Although Swin-PANet achieves better performance compared with some state-of-the-art methods, the proposed network still has limitation in the ability of transfer learning. As shown in Table 2, Swin-PANet is implemented on another dataset such as ISIC 2016, and achieves the performance of 90.68% and 84.06% in terms of Dice and IoU metrics. Compared with some special designed methods such as FAT-Net [42], Ms RED [43], and BAT [44], Swin-PANet has an immense gap in performance of skin lesion segmentation. How to make Swin-PANet perform well in different segmentation tasks is a challenging task, and we believe the backbone ability of Swin Transformer and the potential of the combination of Transformer and CNNs can make this task possible.

5. Conclusions

In this paper, we proposed a novel network structure with the combination of two algorithms, called Swin-PANet, following the coarse-to-fine strategy and dual supervision strategy, and aimed to perform accurate segmentation of medical images including the challenging tasks of cell segmentation and skin lesion segmentation. The proposed Swin-PANet can be utilized for computer-aided diagnosis (CAD) of skin cancer to improve the segmentation efficiency and accuracy, considered as a significant technique for the accurate screening of diseased or abnormal area of patients to assist doctors to better evaluate disease and optimize prevention measures.

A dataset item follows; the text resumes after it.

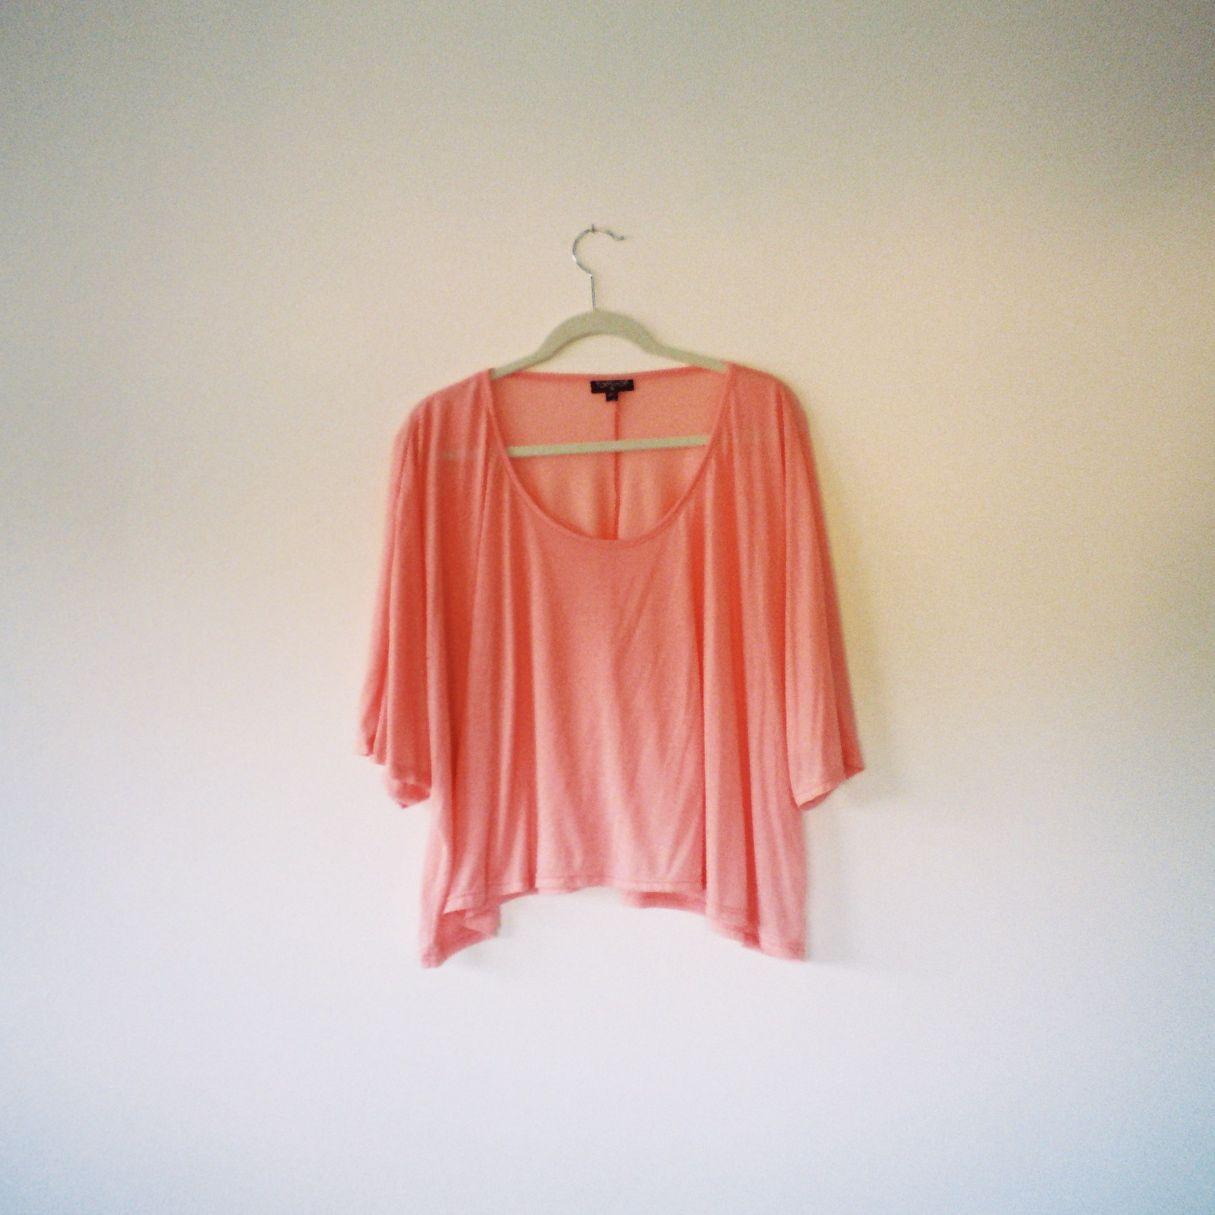 flowy shirts | clothes n stuff | Pinterest | Clothes, Fashion 101 ...
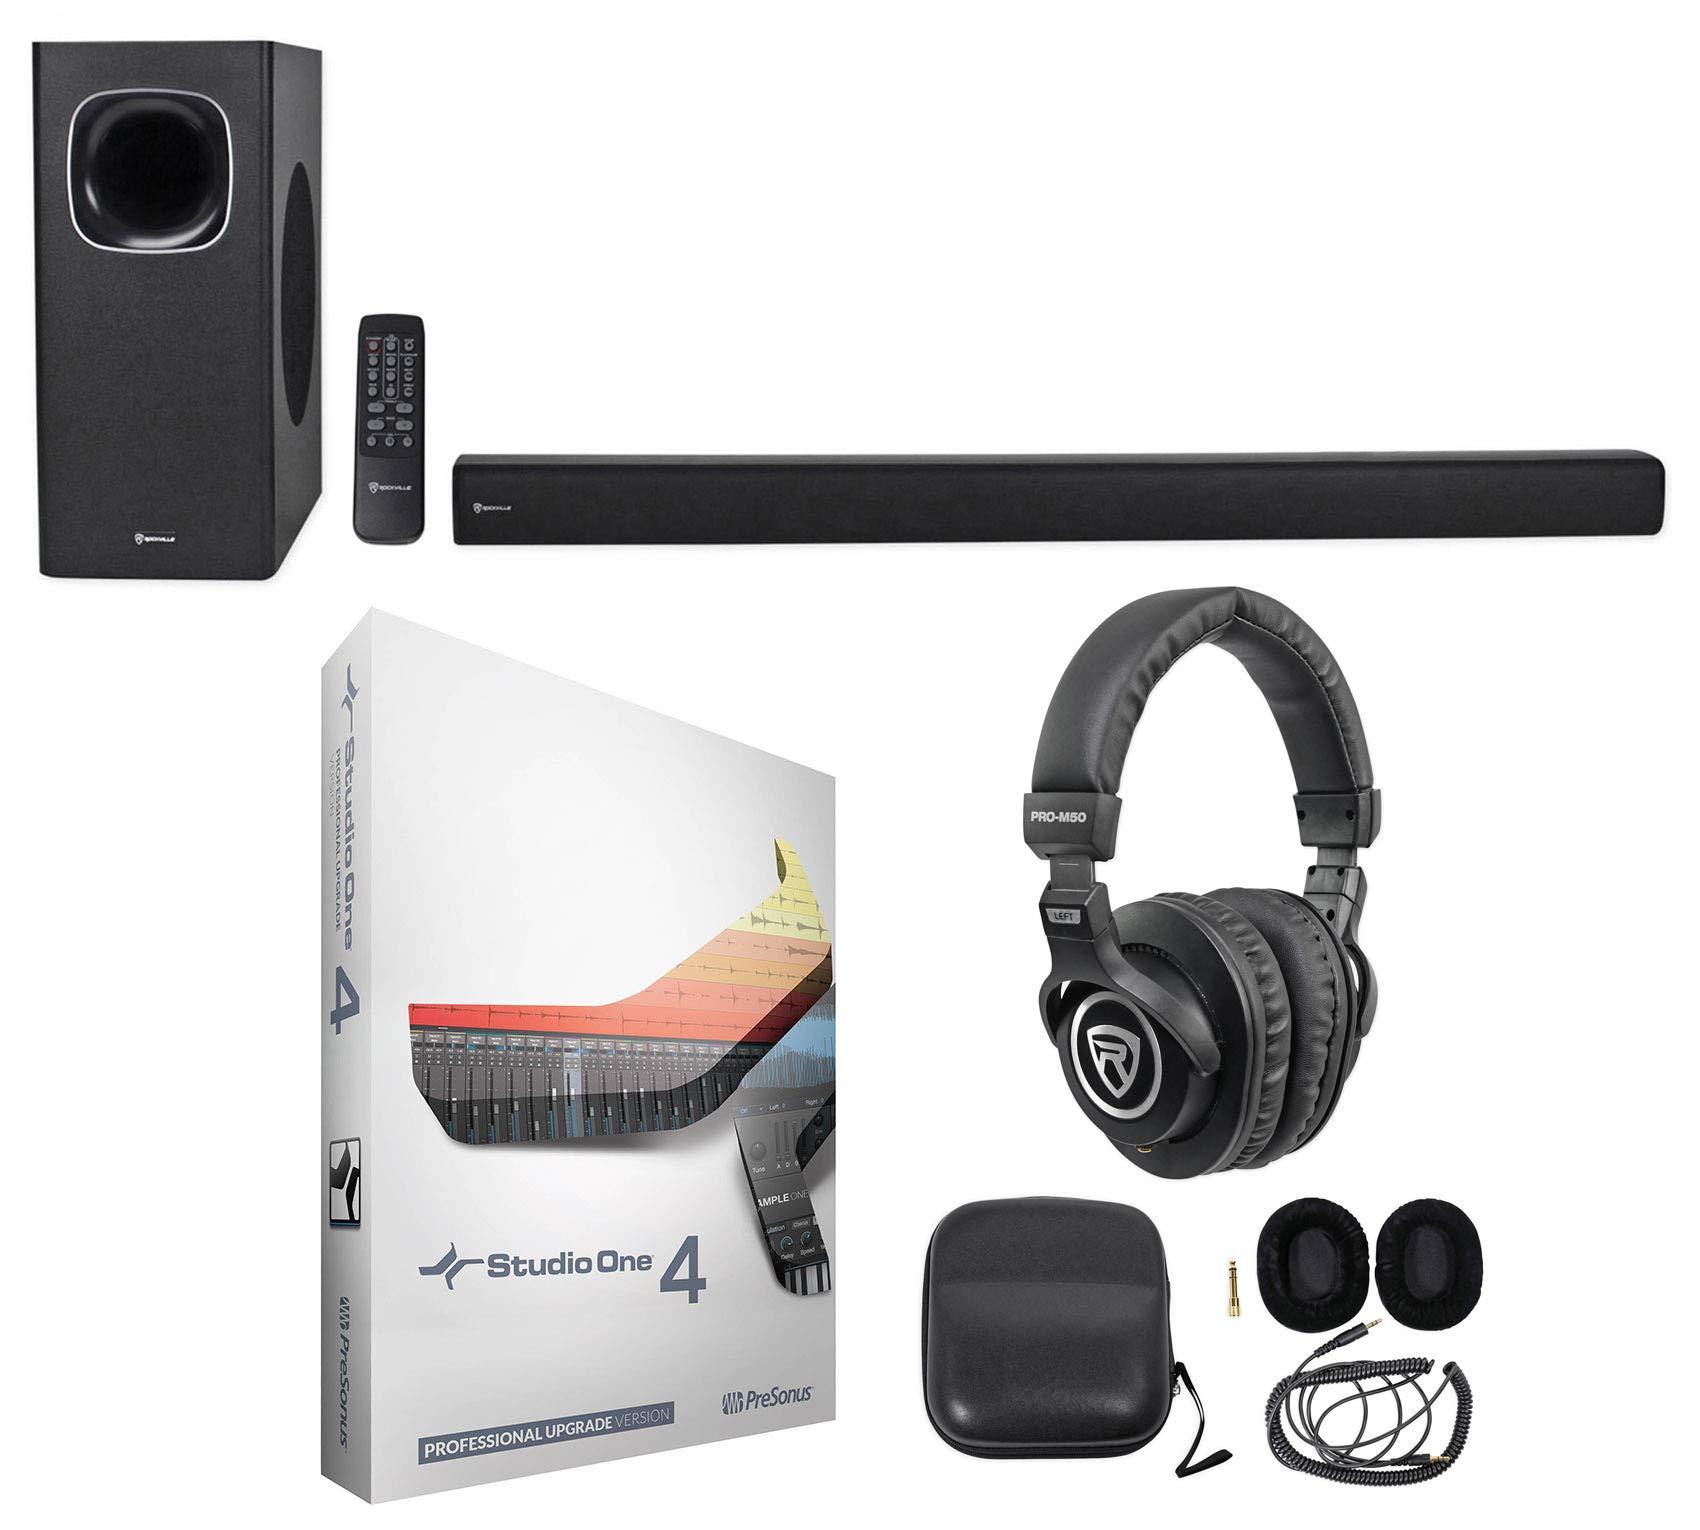 Presonus Studio One 4 Pro Upgrade from Artist/Producer+Soundbar+Headphones

In conclusion, the proposed Swin-PANet integrates both Swin Transformer and attention guiding decoder into prior attention network for performing intermediate learning and capturing global contextual information between pixel-level. Furthermore, an enhanced attention block is designed and proposed for utilizing feature fusion between global and local contexts along channel-wise, and better performing the coarse-to-fine strategy and enhancing attention ability of the network. Extensive experiments are conducted on three public datasets (GlaS, MoNuSeg, and ISIC 2016) for the overall evaluation of the proposed Swin-PANet. The quantitative and visual comparisons with state-of-the-art methods also demonstrate the effectiveness of the proposed Swin-PANet and excellent performance in the segmentation tasks based on our coarse-to-fine and dual supervision strategies.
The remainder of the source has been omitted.